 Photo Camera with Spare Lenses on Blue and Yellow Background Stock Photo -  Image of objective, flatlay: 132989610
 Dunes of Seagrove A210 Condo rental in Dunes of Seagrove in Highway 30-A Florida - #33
────
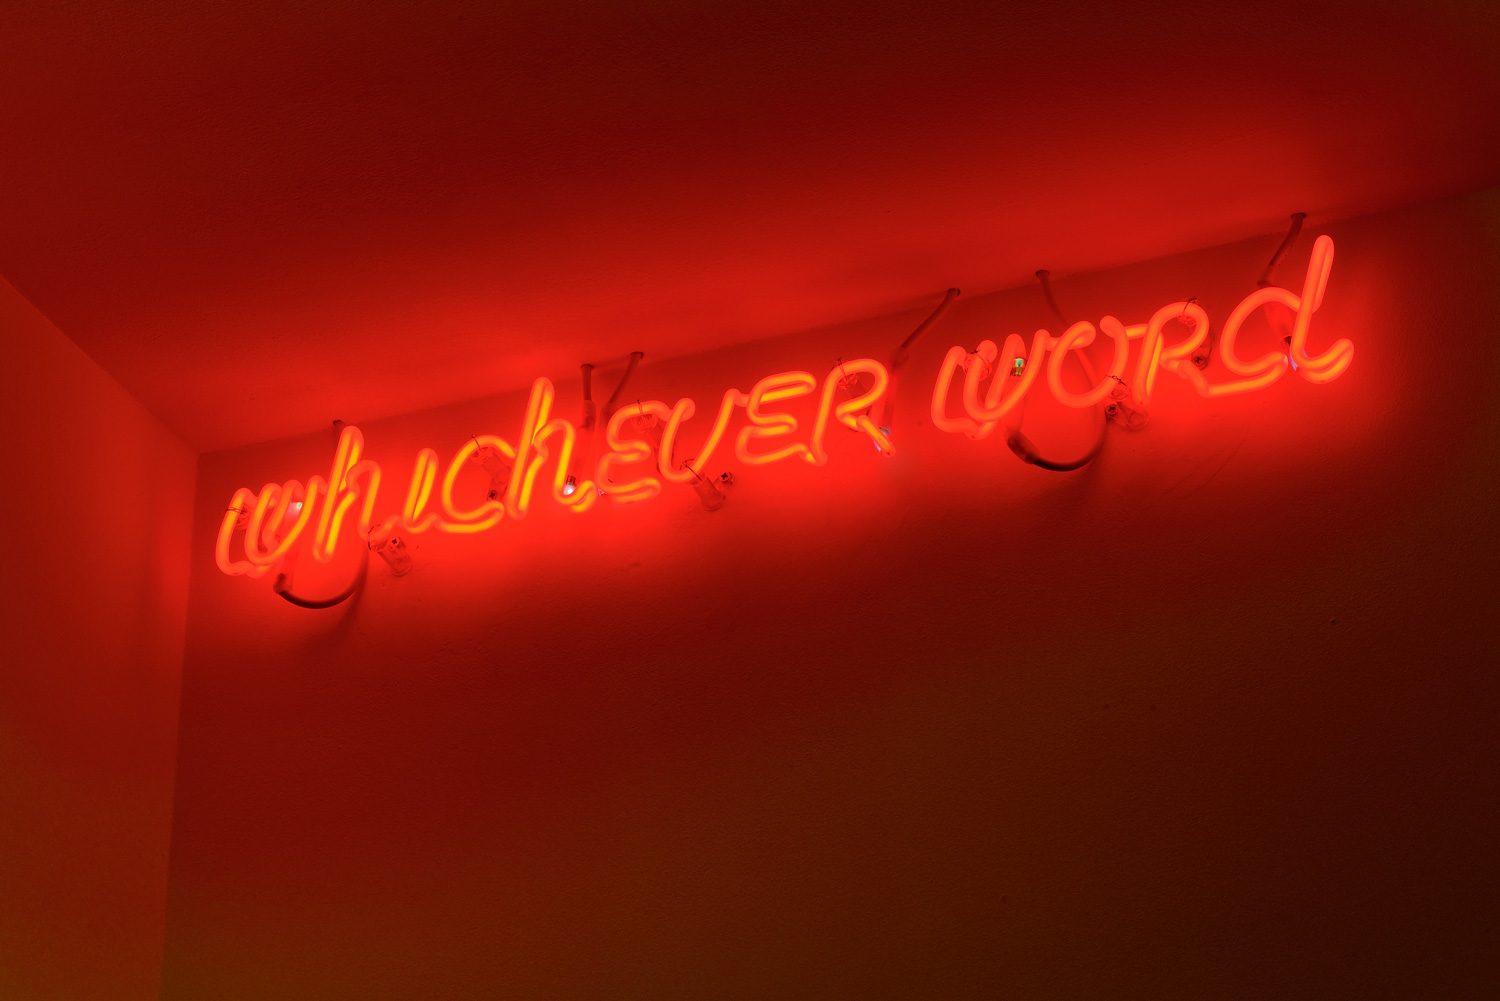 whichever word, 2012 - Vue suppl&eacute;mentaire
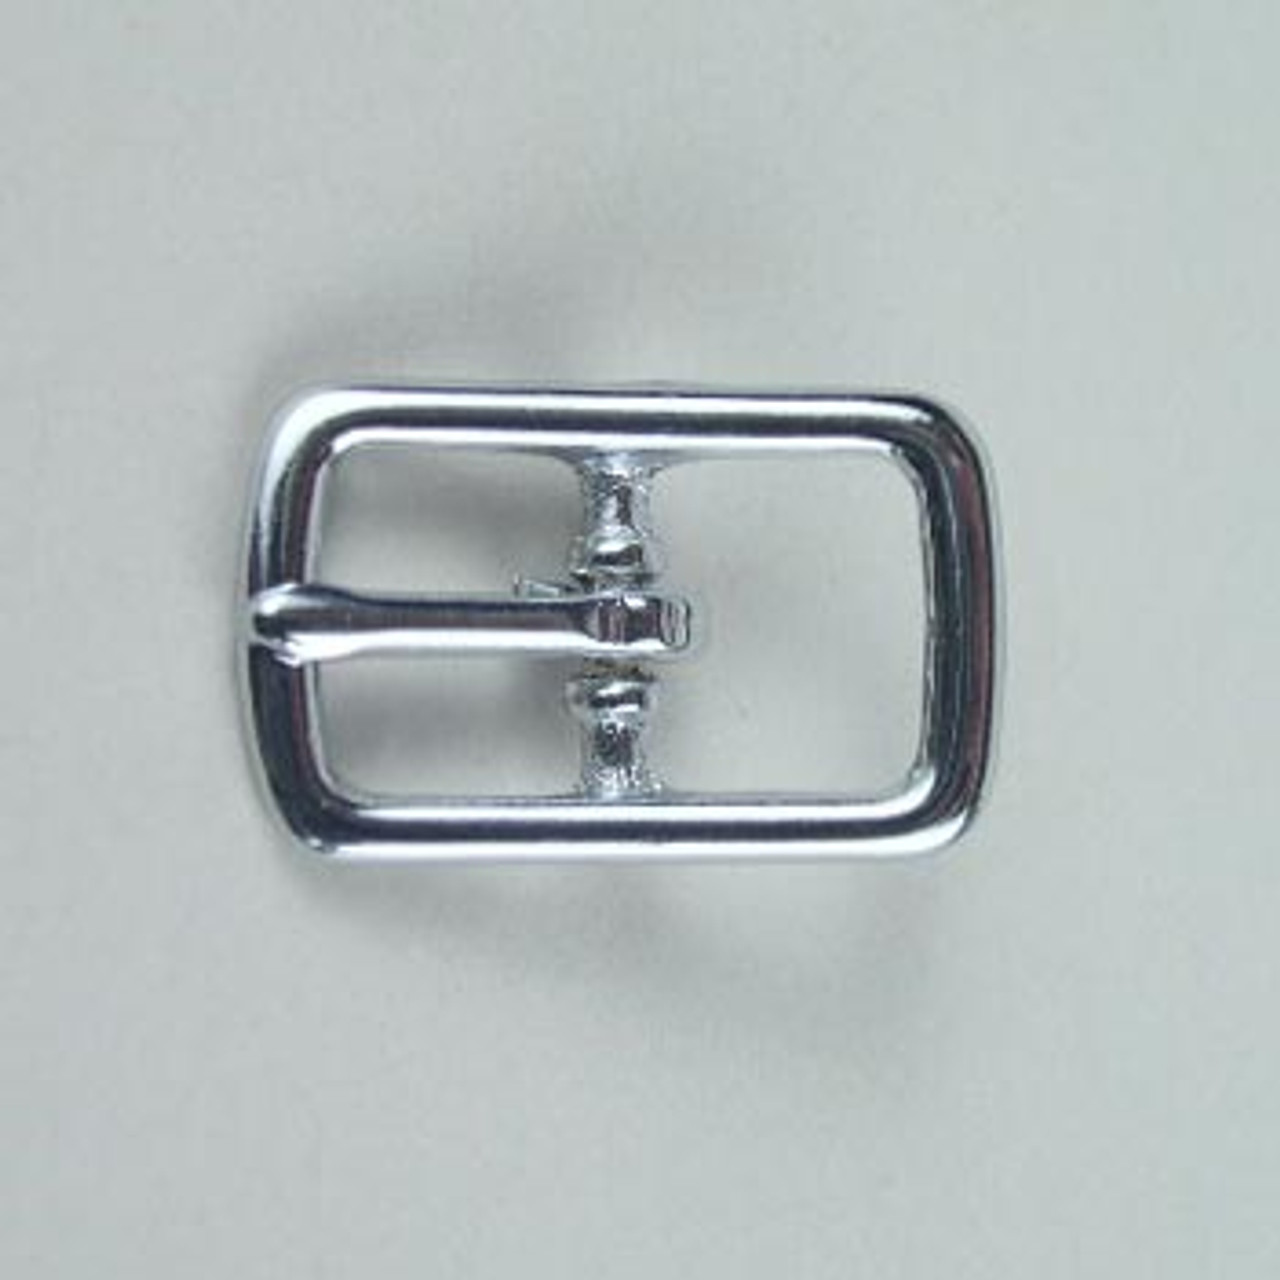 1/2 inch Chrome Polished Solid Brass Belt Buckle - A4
────
- _What to work on_: Given the entries above, transcribe exactly the lines from the one holding "whichever word, 2012" through the one holding "1/2 inch Chrome"; pictures do not belong in the transcription.

- _Task result_:
 whichever word, 2012 - Vue suppl&eacute;mentaire
 1/2 inch Chrome Polished Solid Brass Belt Buckle - A4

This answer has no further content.